I received several very useful suggestions to my question on translating
multiple, uniquely identified rows from multiple files into one, numeric
Splus file. I thank Stephen Weller, Andy Liaw, and James Holtman for
their assistance. I have posted the replies below with the exception of
Stephen Weller's message because he sent it to the list. At the end of
the replies, I have posted the original message for those interested in
re-reading it.
#----James Holtman---------------
Here is one of doing it. You read the file in with "scan(...what
='character', sep='\n')" to read in each line as a character vector.
Then separate out the lines that you are interested in in a new object
(in the example below, lines that start with "C"). Then use
'textConnection' to read in this object.
> x.in <- scan('tempxx', what='character', sep='\n')
Read 20 items
> x.in
[1] "C 0.575115921808201 0.0912244697313813"

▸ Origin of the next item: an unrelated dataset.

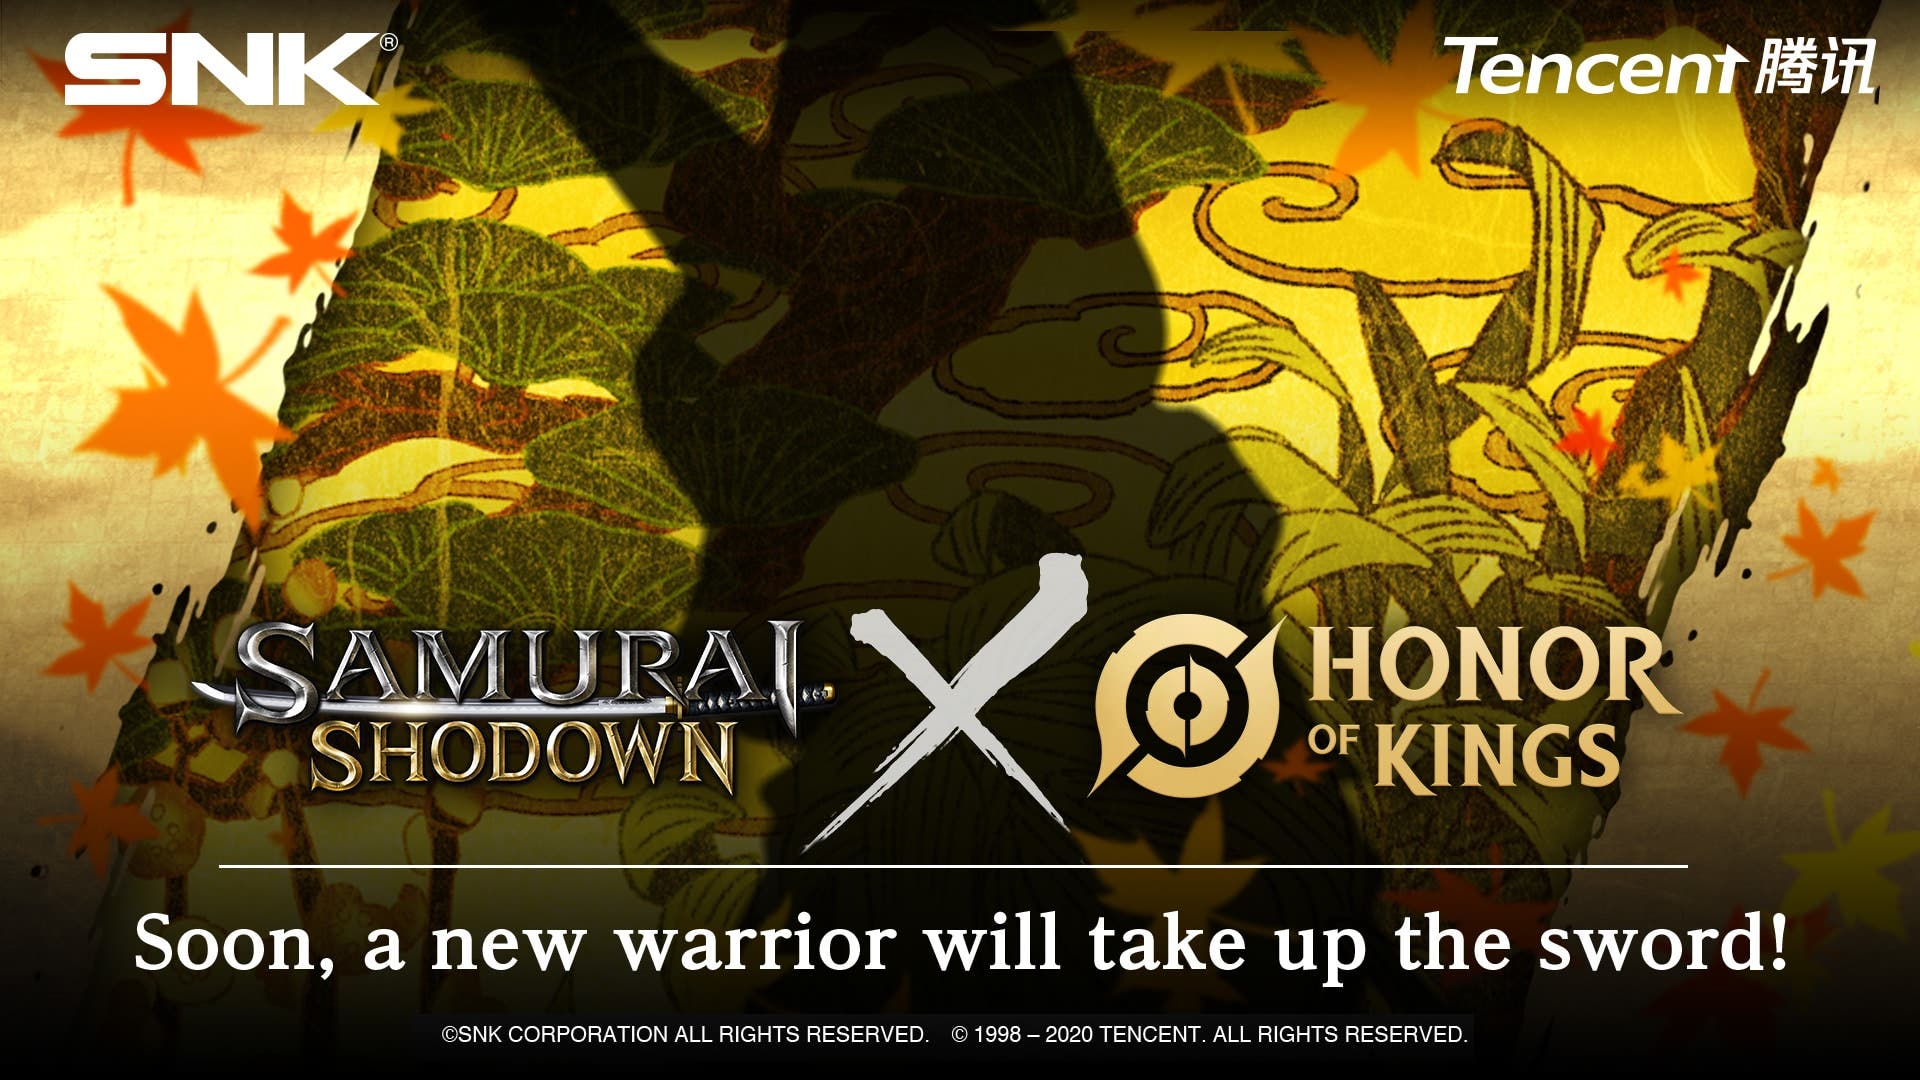 Samurai Shodown confirma un personaje DLC gratuito de Honor of Kings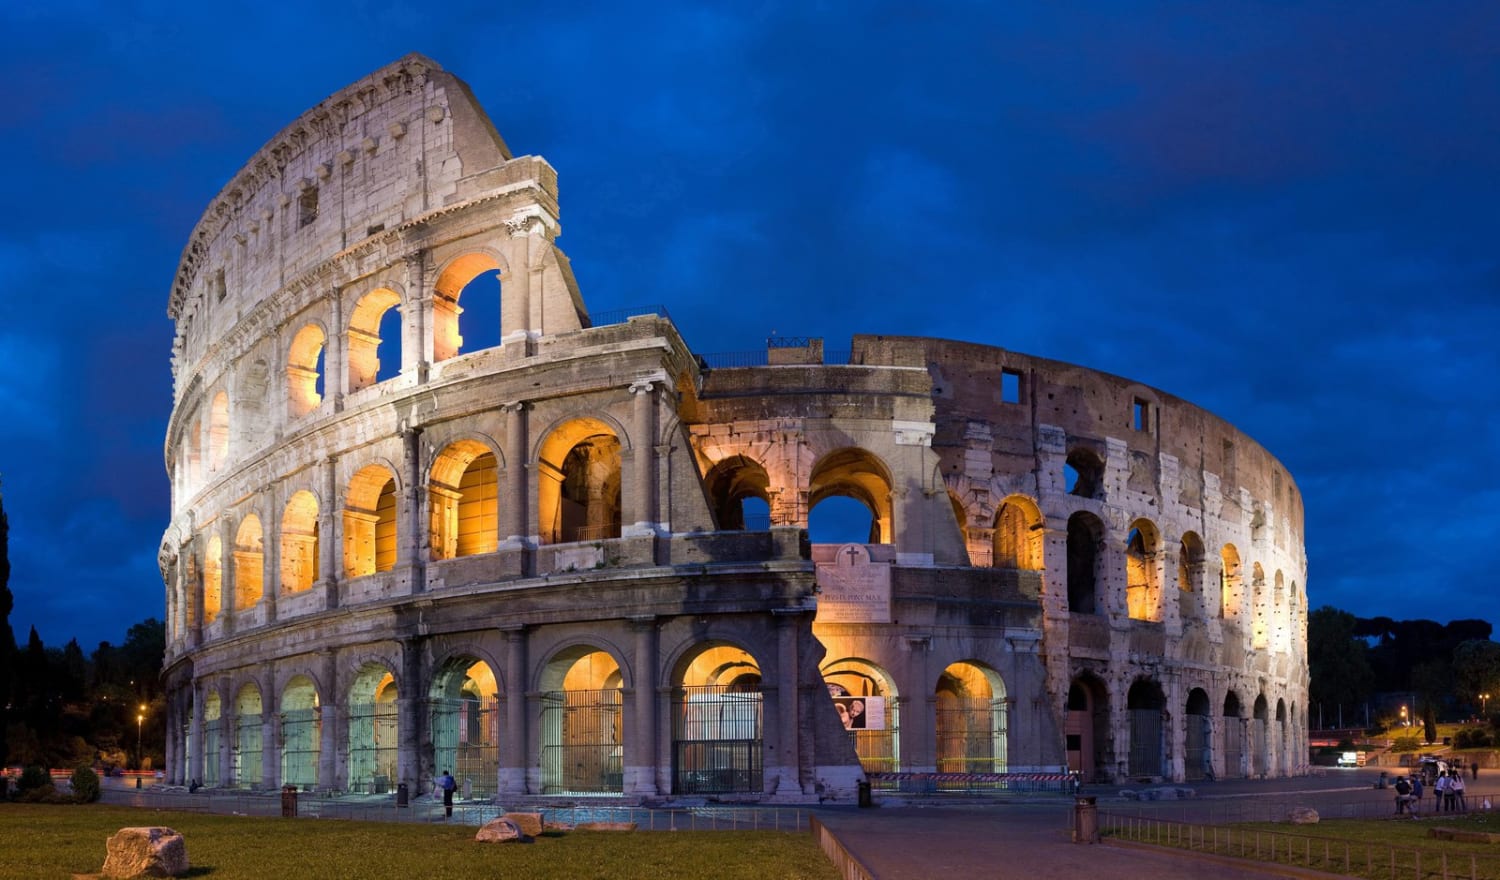 Italy Will Rebuild the Colosseum's Floor, Restoring Arena to Its Gladiator-Era Glory

[2] "X 0.51203689130769 0.351417834486677"
[3] "C 0.336942071639221 0.324503383441945"
[4] "X 0.228913358931642 0.395039733824096"
[5] "C 0.850863703026172 0.224212603462909"
[6] "X 0.594487485148592 0.576069293444992"
[7] "I 0.900631305272838 0.6758116068495"
[8] "I 0.337903537866171 0.846088978891747"
[9] "X 0.986568547316493 0.282605149383332"
[10] "X 0.216593418320779 0.649524857208488"
[11] "C 0.422773490991158 0.296612558722639"
[12] "X 0.136980706857746 0.38444003704573"
[13] "C 0.183686651099400 0.157469714795581"
[14] "I 0.73923632356786 0.187183499379825"
[15] "X 0.59747994099685 0.930189237680796"
[16] "X 0.401679007895682 0.774042770446754"
[17] "X 0.762639131807405 0.735627770827996"
[18] "C 0.0531840282616168 0.80239231670331"
[19] "I 0.326288505998973 0.727728606371146"
[20] "X 0.226769466005910 0.613449229768815"
> x.C <- x.in[grep("^C", x.in)] # select lines that start with "C"
> x.C
[1] "C 0.575115921808201 0.0912244697313813"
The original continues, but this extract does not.